Advocates for changes to Mitchell-Lama contend the system has broken down in recent years. There have been instances where the tenant of record moves out after a short period of time to create succession rights for someone else, essentially allowing that person to jump the line without being on a waiting list. Such a situation hurts other eligible people who have been on waiting lists for years.

But activists in the LGBT community are not convinced. Representatives ftom the Legal Aid Society, the New York Legal Assistance Group, and Columbia University all submitted testimony to HPD opposing the proposed amendment.

"We are well beyond the day when a public entity can limit access to a program such as the Mitchell-Lama program with such a narrowly defined conception of family," Katherine Franke, director of the Center for Gender and Sexuality Law at Columbia Law School, said in written testimony during a public hearing November 6. "The proposed amendment's limitation in the ability to gain or retain access to Mitchell-Lama housing rights marks a step backward in the well-accepted recognition of a broad diversity of families in New York City."

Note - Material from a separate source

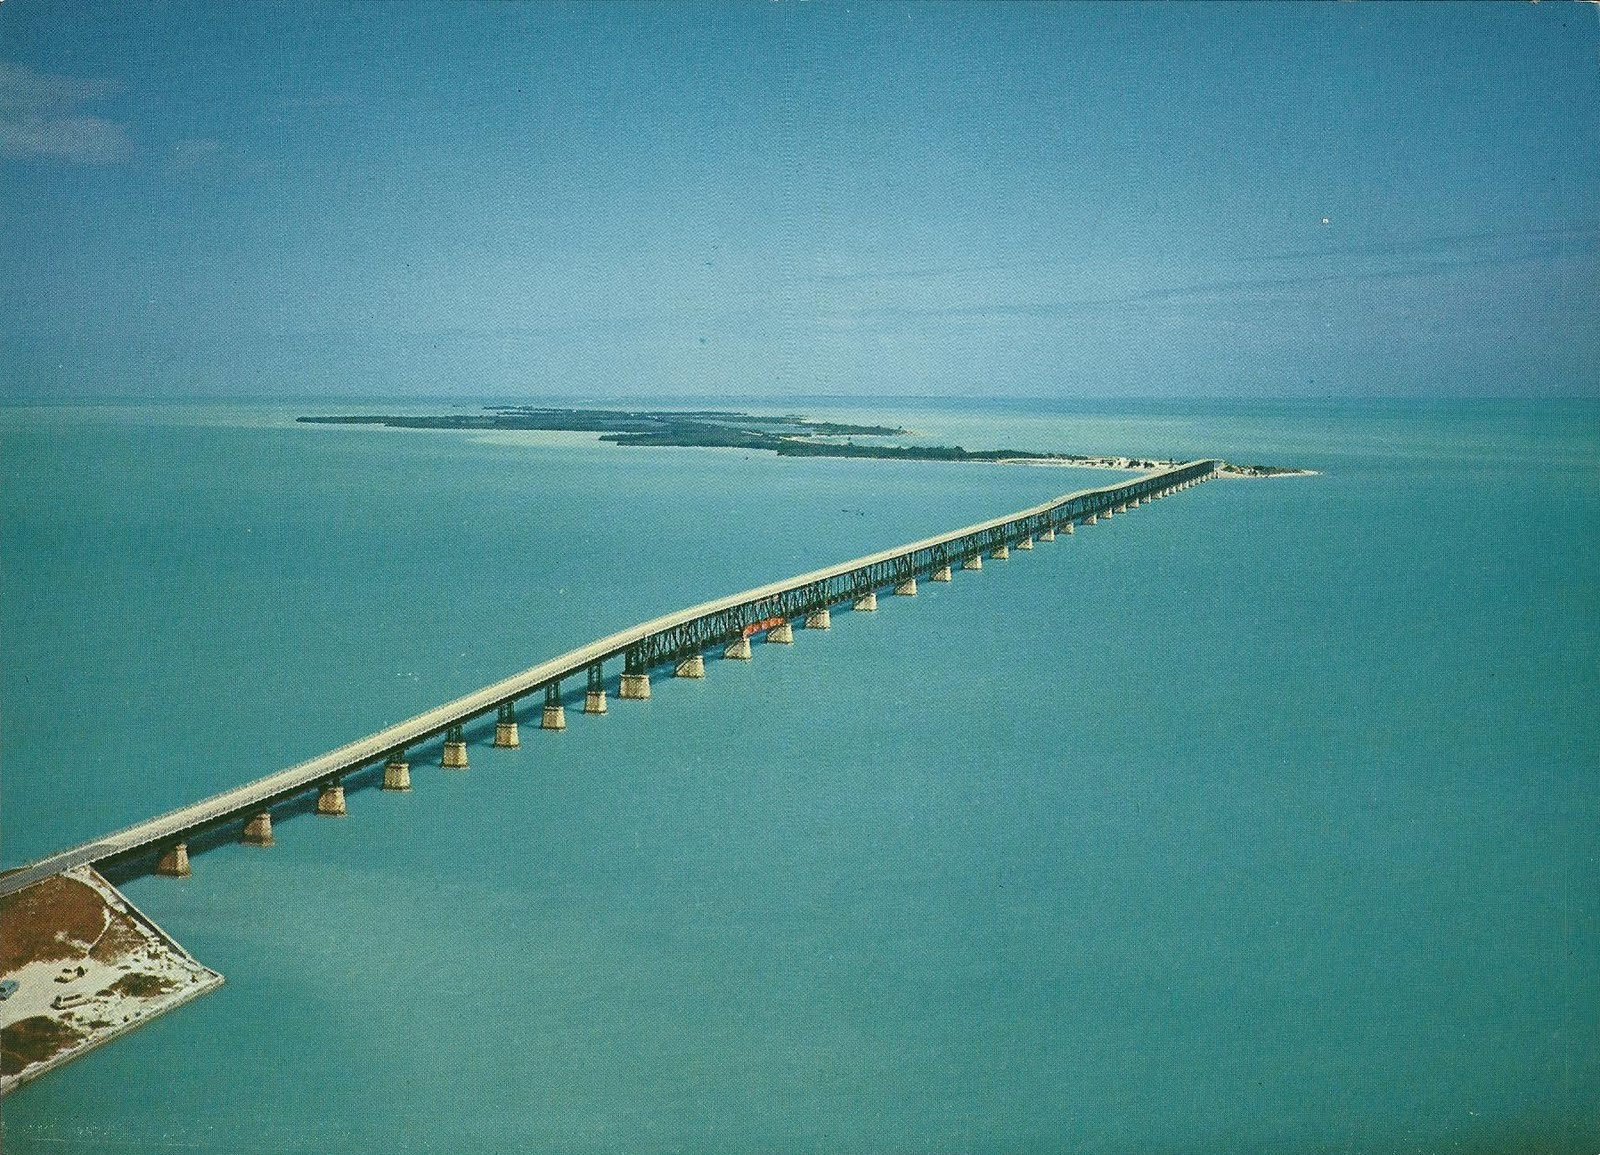 Winter Getaway To Florida S Best Beaches Panama City Destinations Examiner Com

Baldacci echoes Franke's statement.

"HPD may moan and groan, but it presents no evidence linking its alleged waiting list problems with the succession regulations that have protected many families from eviction and possible homelessness," he says.

The election of left-leaning Bill de Blasio could mean a reversal by HPD on the proposed change, which was put forth under Mayor Michael Bloomberg. It is unclear, though, how quickly the amendment could proceed since de Blasio does not take office until January.

Regardless, any change to the Mitchell-Lama program could be contested in court, and if that happens, it would not go into effect immediately.